Introduction To Probabalistic Graph Models

Scott Hendrickson

2016-Aug-19

Requirements:

* numpy
* pandas
* libpgm
* networkx  (for plotting)

Notes: This is a introductory survey. Unlike my favorite kind of RST, we won't build up models from first assumptions and small steps as much as try I will try to survey the basic concepts with examples, demonstrations and tie-ins to things with which you already are familiar.

Why PGMs?

When we started statistics, we talked about measurements, for example, of the height of students in you school, and noted that instances of these meansurements--events--fall into a probabiliy distribution. In this case, it was likely a Normal-looking distribution with many measurements around the average and a few measurements larger or smaller than average.

This introduced the idea of a random variable.

What do we when measurements of a random variable fall according to some complex probability distribution? This happens all the time. Sometimes we approximate. Other times, we realize that the random variable we are measuring has some comlex underlying dependencies, possibly on other distributions, and we can address these with a model.

For example, imagine that we measure the heights of 7th graders in your school and call this our random variable. Later, we realize that the average height of males and females is different by a few inches. We need a model that accounts for the depencence of height on sex at this age.

From our data we can might write:

$$p(male) = .49$$$$p(female) = .51$$$$p(h) \propto \exp{\frac{(h-\bar{h})^2}{2 \sigma_h^2}}$$

And now, we know that $\bar{h}$ and $\sigma_h$ will have different values for males and females.

This kind of problem is common! It turns out there are powerful general strategies for dealing with whole classes of proglems of dependencies in the distribution of random variables.

Probabalistic Graph Models (PGMs)

In general, we want to model the joint probability distribution for a random variable in terms of other random variables and model parameters.

$$X = P(x_1, x_2, \dots ,x_n)$$

for $n$ random variables.

(Let's assume they're are all observable for today.)

Now, we can decompose this probability by applying the chain rule:

$$P(x_1, x_2, \dots ,x_n) = P(x_1| x_2, \dots ,x_n) P(x_2, |x_3, \dots ,x_n) \dots P(x_n)$$

If we unroll all of the terms, this is a pretty big mess. But, for many problems there is another simplificaiton. In general, if $x_1$ is independent from $x_2$ then,

$$P(x_1|x_2) = P(x_1)$$$$P(x_1, x_2) = P(x_1)P(x_2)$$

Also, with Bayes rule, we can invert dependencies:

$$P(y|x) = \frac{P(y)P(x|y)}{P(x)}$$

Back to our height example...

For height and gender, we have,

$$P(h,s) = P(h|s)P(s)$$

Observations:

We could have decomposed $P(g,h)$ and eneded up with $P(g|h)P(h)$
Bayes lets us swap "sex is dependent on height" case to the case where our model says "height is dependent on sex"
Direction is somewhat of a choice for simultaneous observations (determining causality is still hard in PGMs)
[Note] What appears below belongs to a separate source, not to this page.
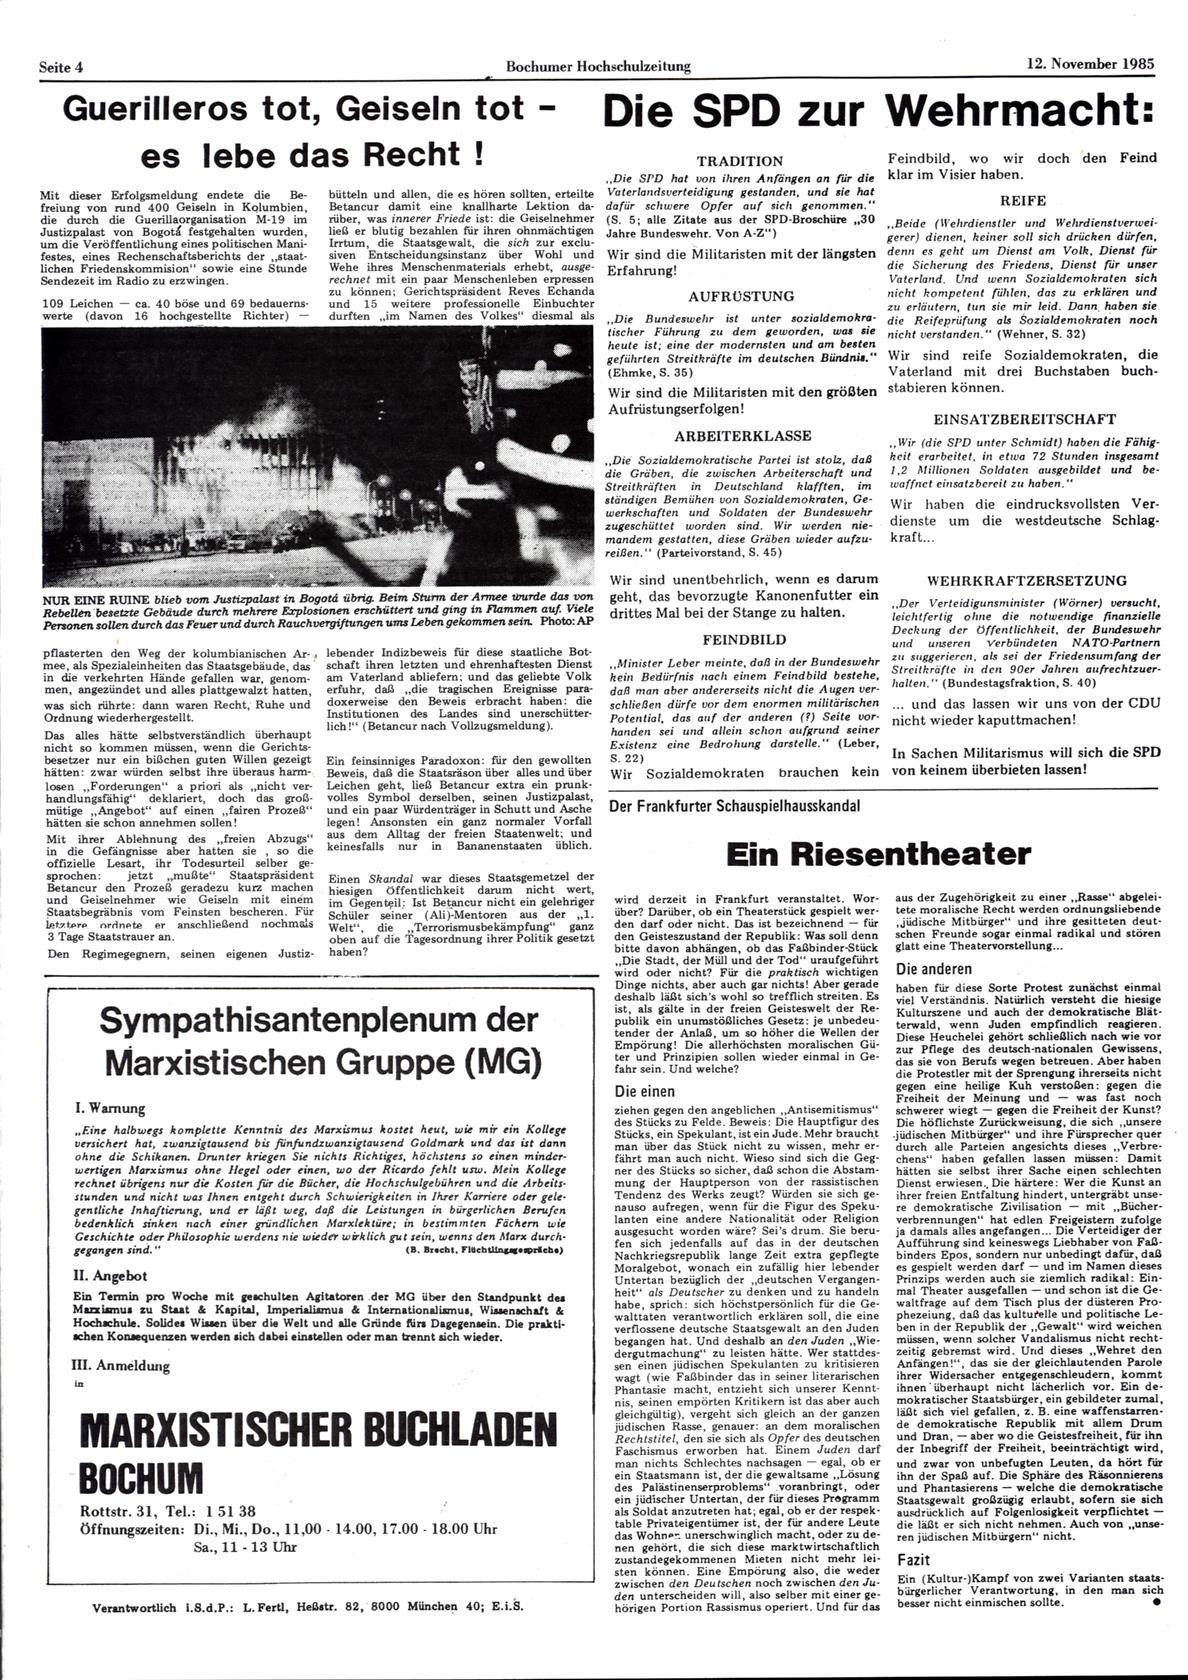 Bochum_BHZ_19851112_118_004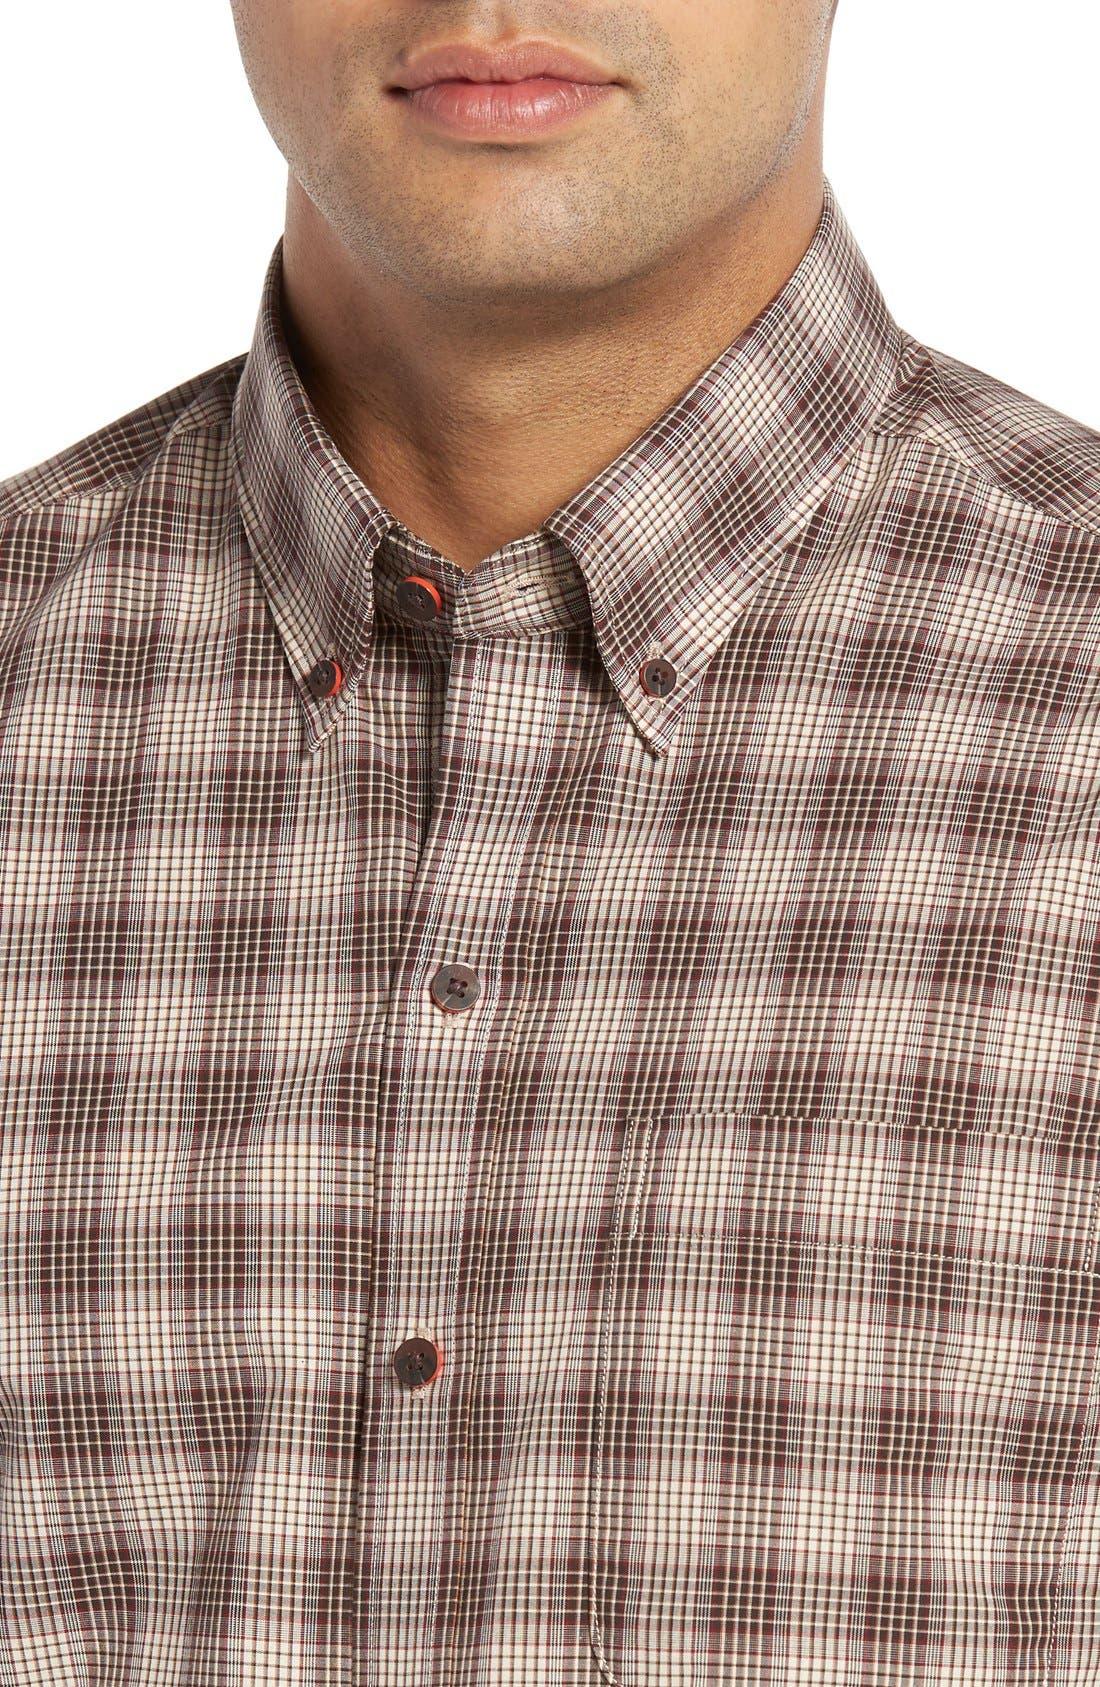 Alternate Image 4  - Cutter & Buck 'Ridge' Plaid Cotton Poplin Sport Shirt (Big & Tall)

In general, we can represent this decompostion by a graph

To do this, map it like this:

Nodes: random variables.
Each node has a Conditional Probability Distribution (CDP).
Edges: dependencies

There are more tractable graphs and lest tractable graphs for problem solving. An example of one important property is whether P factorizes G. We say a JPD P factorizes over graph G, if P can be encoded by:

$$P(x_1, x_2, \dots ,x_n) = \Pi_{i=1}^n P(x_i|Par_G(x_i))$$

Where $Par_G(x_i)$ is the parent graph of G.



In [ ]:

    
%matplotlib inline
import matplotlib.pyplot as plt
import networkx as nx

G=nx.DiGraph()
G.add_edge('sex','height',weight=0.6)
nx.draw_networkx(G, node_color='y',node_size=2000, width=3)
plt.axis('off')
plt.show()

Why is this formalism a useful probabalistic problem solving tool?

This tool can model a much general set of Joint Probability Distributions than our simple student-height problem.

Some advantages of managing statustical thinking with graphs include:

We can use graphs for book-keeping about distributions and dependencies. Practical models can have many nodes. Graphs models help us manage complexity.

We can talk generally about classes of graphs and sub-graphs that solve problems. E.g.

Bi-directional Graphs are Markov Models
Directed Acyclic Graphs (DAGs) are called Baysian Models (we will work here the rest of the day)

We can state reasoning rules that are constent with the statistical assumptions that allow understand and transform nodes or groups of nodes. E.g. by using rules of graph manipulation to reduce, simplify or cut graphs.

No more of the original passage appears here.